{{ message }}

# Make return_std 20x faster in Gaussian Processes (includes solution) #9234

Closed
opened this issue Jun 27, 2017 · 10 comments
Closed

# Make return_std 20x faster in Gaussian Processes (includes solution)#9234

opened this issue Jun 27, 2017 · 10 comments
Labels

### andrewww commented Jun 27, 2017 • edited by TomDLT

 Two requests: (1) Please replace this line: https://github.com/scikit-learn/scikit-learn/blob/master/sklearn/gaussian_process/gpr.py#L329 from this ` yvar -= np.einsum("ki,kj,ij->k", K_trans, K_trans, K_inv)` to this ``` sum1 = np.dot(K_trans,K_inv).T yvar -= np.einsum("ki,ik->k", K_trans, sum1)``` For an input data set of size 800x1, the time difference is 12.7 seconds to 0.2 seconds. I have validated that the result is the same up to 1e-12 or smaller. (2) Please cache the result of the K_inv computation. It depends only on the result of training, and can be very costly for repeated calls to the class. The text was updated successfully, but these errors were encountered:

### andrewww commented Jun 27, 2017 • edited by TomDLT

 Complete solution, starting here https://github.com/scikit-learn/scikit-learn/blob/master/sklearn/gaussian_process/gpr.py#L322 ``` if not hasattr(self,'K_inv_'): L_inv = solve_triangular(self.L_.T, np.eye(self.L_.shape[0])) self.K_inv_ = L_inv.dot(L_inv.T) # Compute variance of predictive distribution y_var = self.kernel_.diag(X) sum1 = np.dot(K_trans,self.K_inv_).T y_var1 = y_var - np.einsum("ki,ik->k", K_trans, sum1) # y_var2 = y_var - np.einsum("ki,kj,ij->k", K_trans, K_trans, self.K_inv_) # assert np.all(np.abs(y_var1-y_var2)<1e-12) y_var = y_var1```

### TomDLT commented Jun 27, 2017 • edited

 Thanks for the suggestion. Can you open a pull-request with this change? Note that the first part was already solved in #8591, but not the second

### andrewww commented Jun 27, 2017

 I'm sorry, I can't. I'm posting this from an environment where I can access the website, but none of the other GitHub tools.
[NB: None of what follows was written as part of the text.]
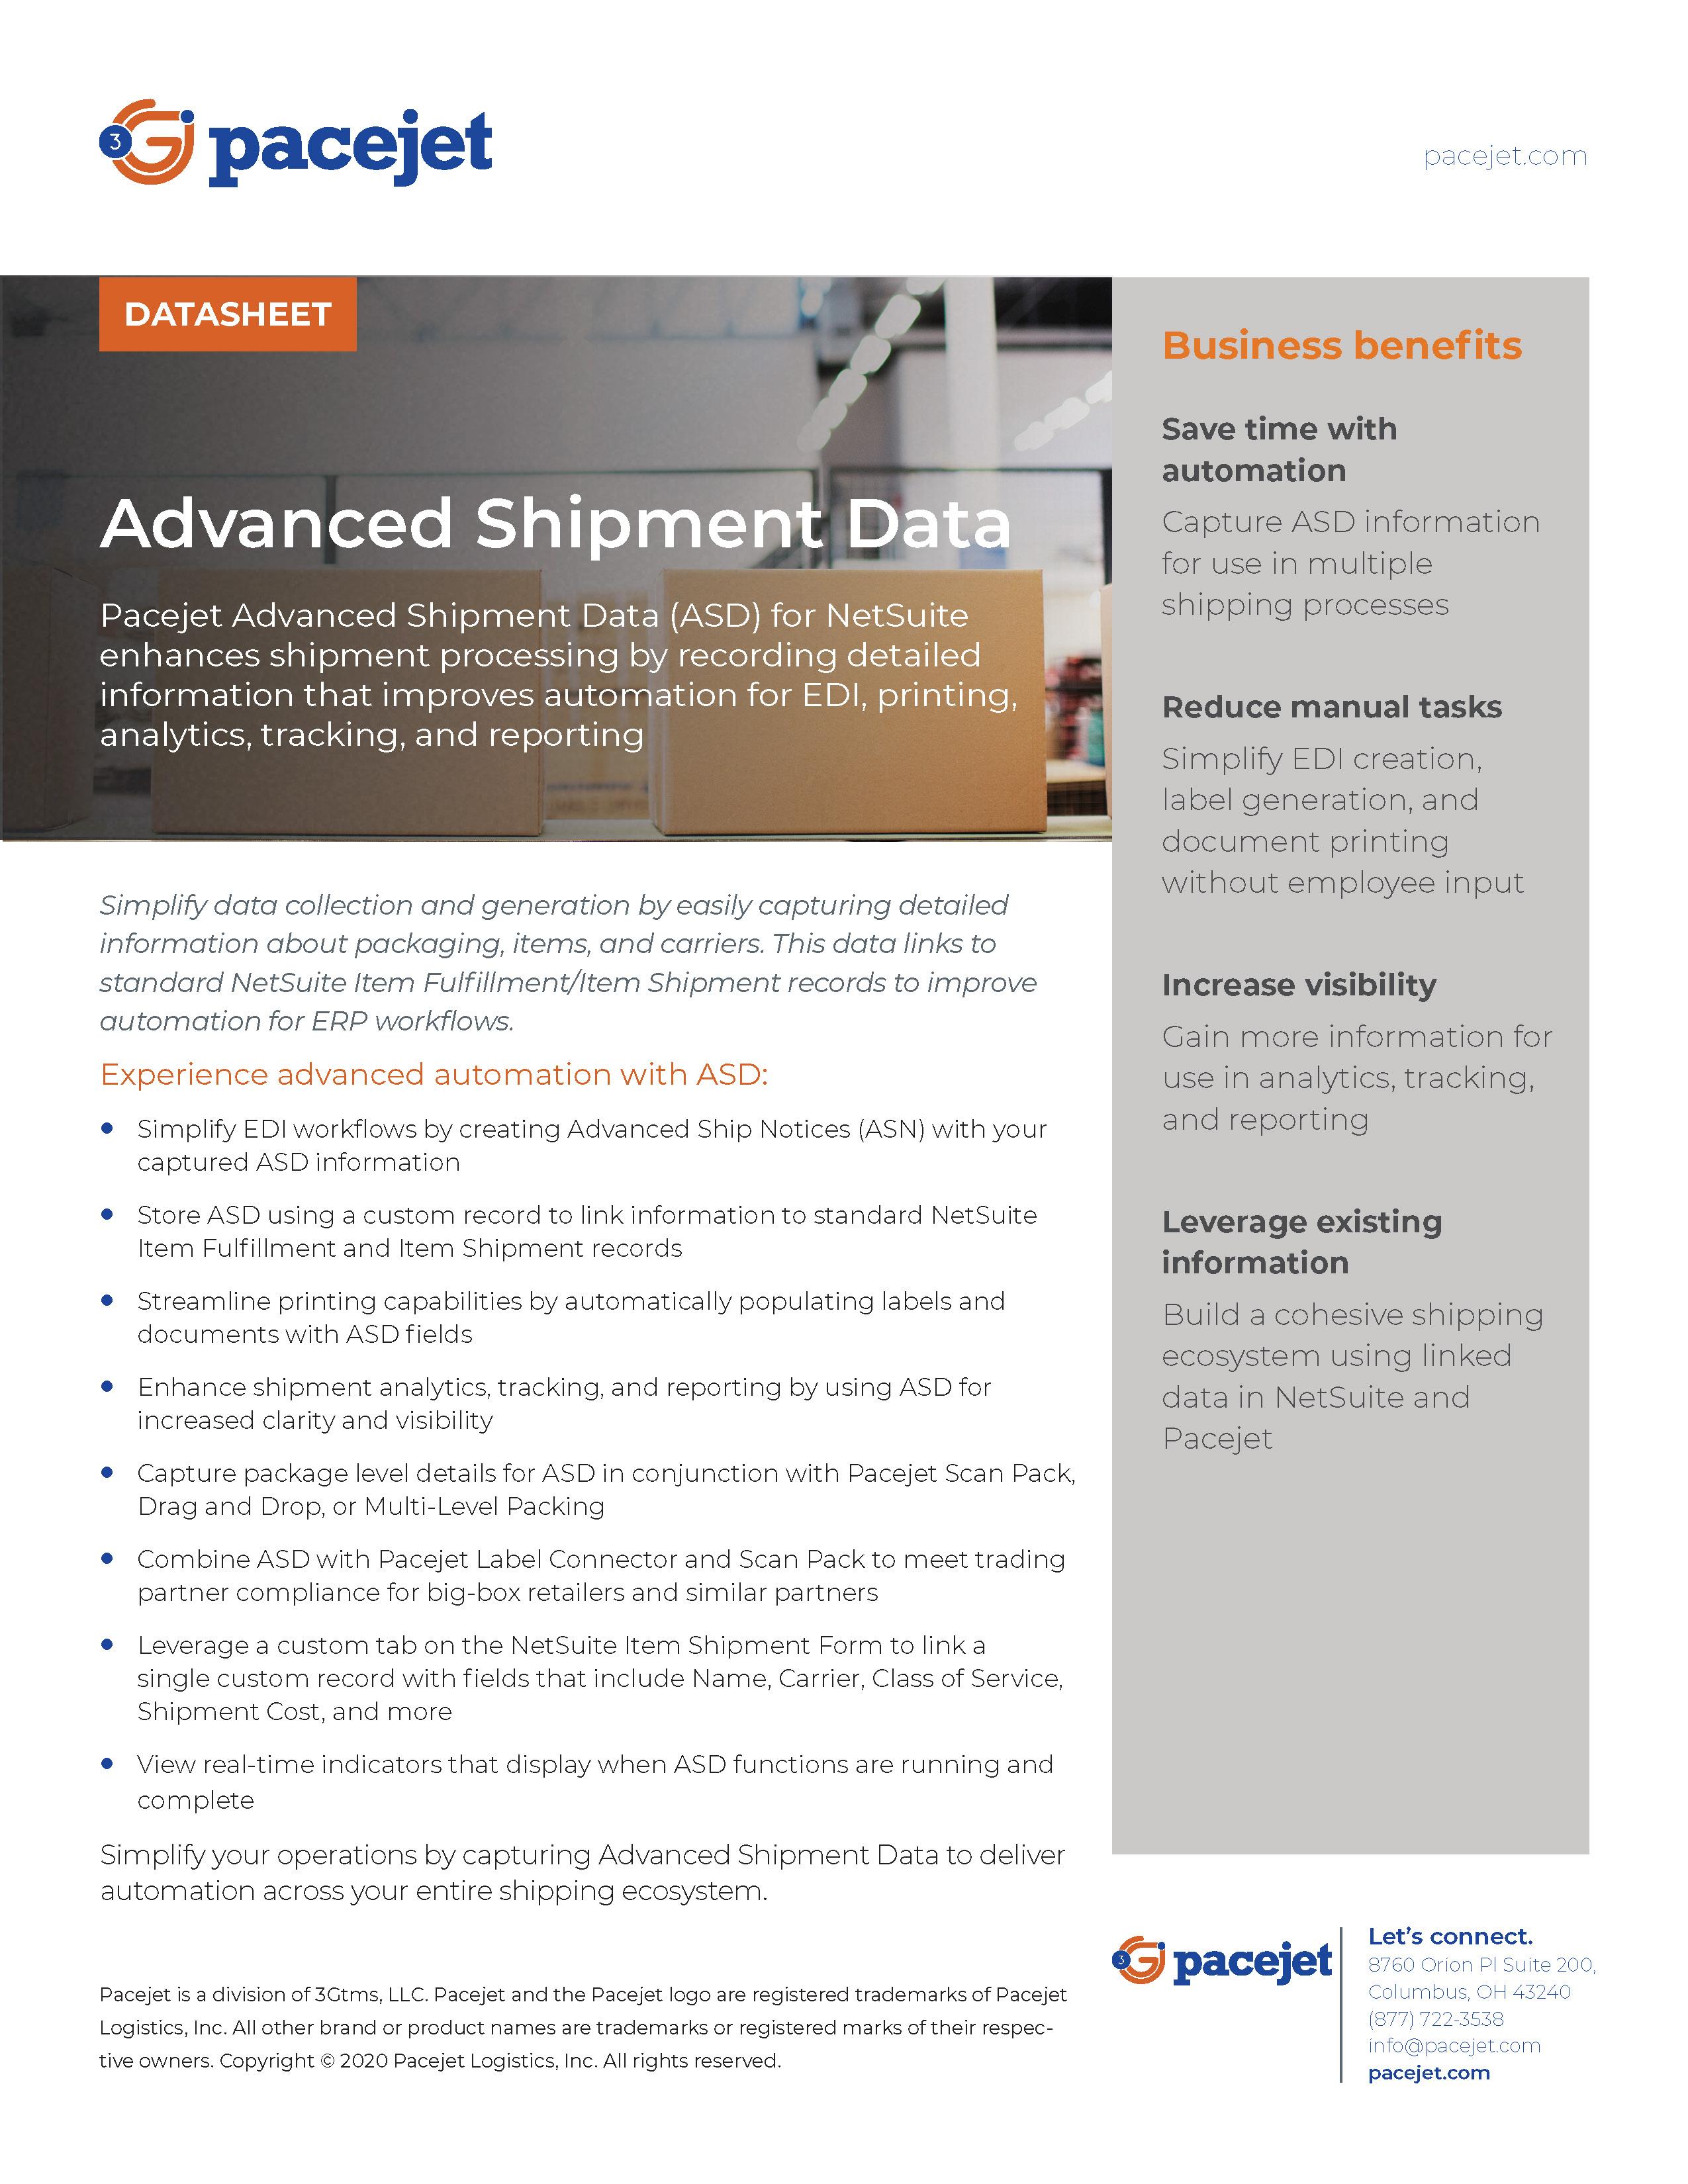 Pacejet_Advanced_Shipment_Data_datasheet

### jnothman commented Jun 27, 2017

 This looks like it might consume some negligible extra memory but otherwise should only benefit... … On 28 Jun 2017 2:27 am, "andrewww" ***@***.***> wrote: I'm sorry, I can't. I'm posting this from an environment where I can access the website, but none of the other GitHub tools. — You are receiving this because you are subscribed to this thread. Reply to this email directly, view it on GitHub <#9234 (comment)>, or mute the thread .
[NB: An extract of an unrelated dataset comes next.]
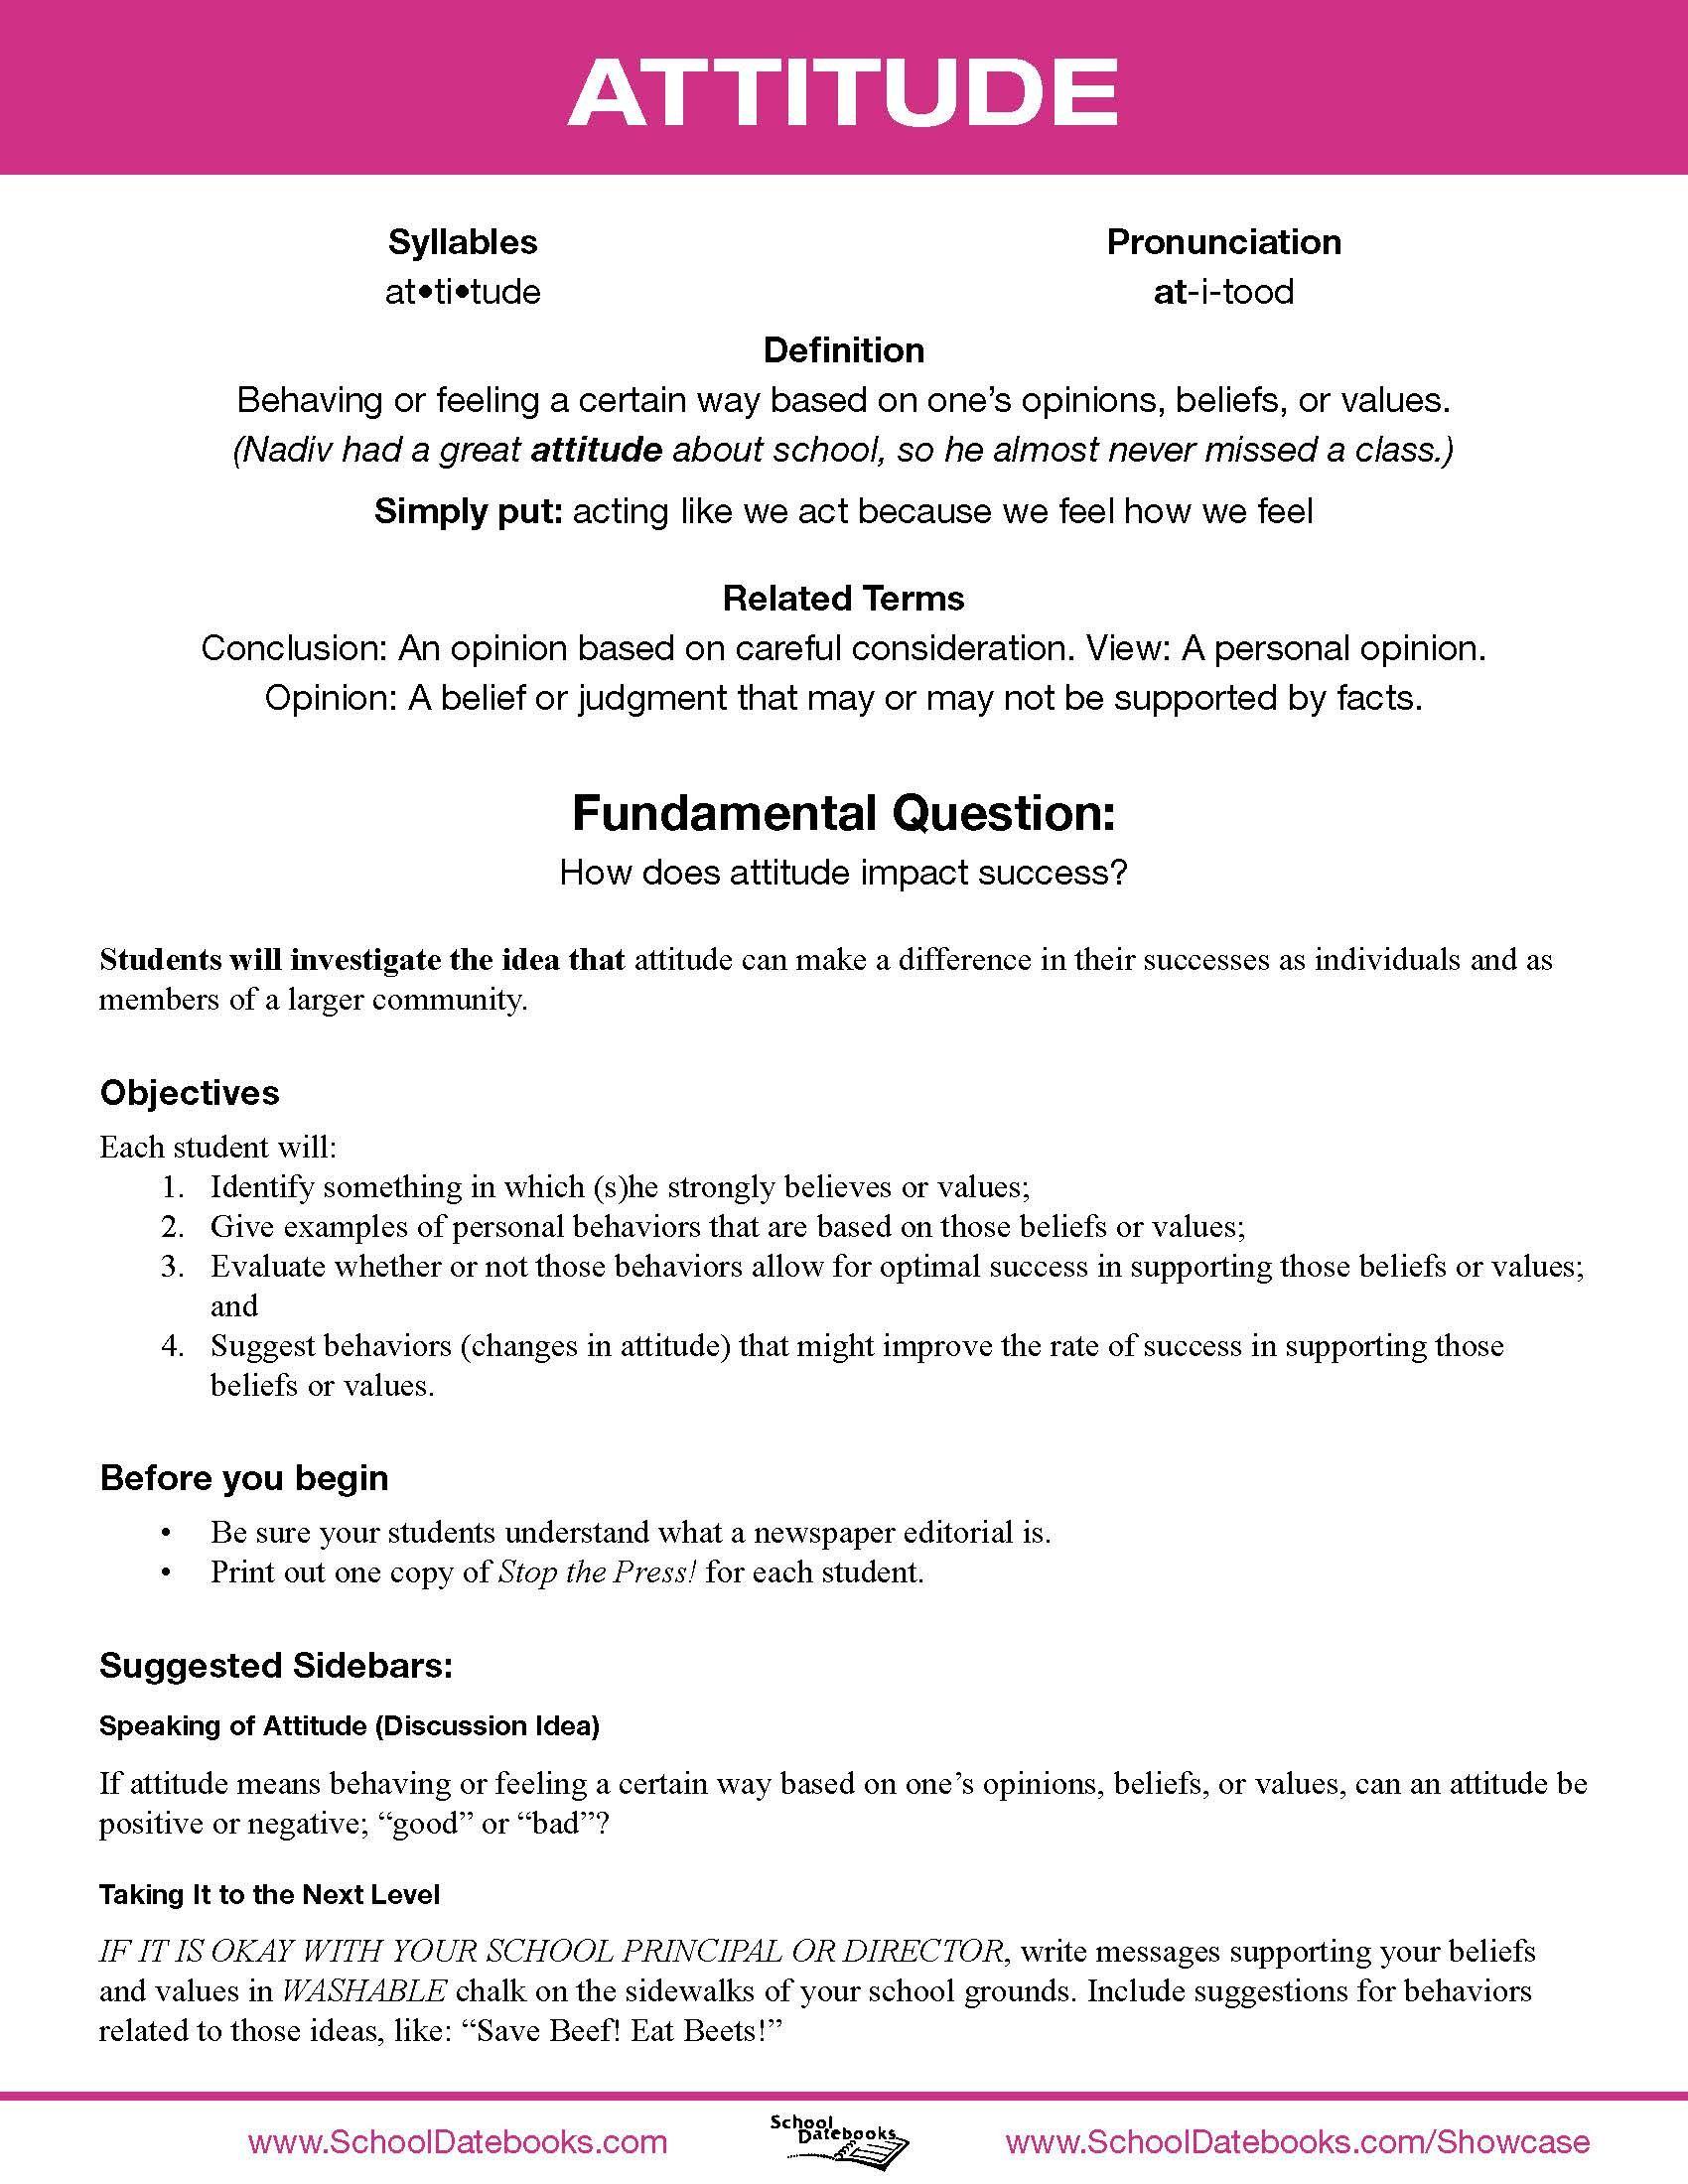 School Datebooks Character Education Lesson Plan Attitude

### minghui-liu commented Jun 27, 2017

 I would like to help and make the changes if that's ok.

### jmschrei commented Jun 27, 2017

 Go ahead … On Tue, Jun 27, 2017 at 4:09 PM, Minghui Liu ***@***.***> wrote: I would like to help and make the changes if that's ok. — You are receiving this because you are subscribed to this thread. Reply to this email directly, view it on GitHub <#9234 (comment)>, or mute the thread .
mentioned this issue Jun 28, 2017

### ogrisel commented Sep 1, 2017

 Fixed in 6e01fef from #9236. Thanks @minghui-liu and @andrewww.
closed this Sep 1, 2017

### ogrisel commented Sep 1, 2017

 BTW I did not observe a 20x speed up a in my tests. The speed stayed approximately the same on a 1000x5 dataset generated with `sklearn.datasets.make_regression`. Note: the second call to predict is significantly faster because of the cached `K_inv`. @andrewww I would be curious to know more about the kind of data where you observed the initially reported speedup.

### andrewww commented Sep 1, 2017 • edited

 Hmmm.... This was literally a make-or-break change to the code for me, i.e., the code was so slow I could not actually use it without this change (the change to the .einsum() call). Only thing I can think of is: I'm on Windows 7 x64 / Anaconda 3.1.4. Doesn't numpy sometimes behave differently on different platforms? Maybe the Windows `einsum()` call is a lot slower than on Linux? Also, apparently it was already fixed in an earlier issue #8591

### refrigerator commented Dec 5, 2017

 Is anyone still having problems with this? I have a model trained on 15,000 data points, and predictions with `return_std=True` take about 2 minutes for a single prediction, whereas with `return_std=False` it's basically instant.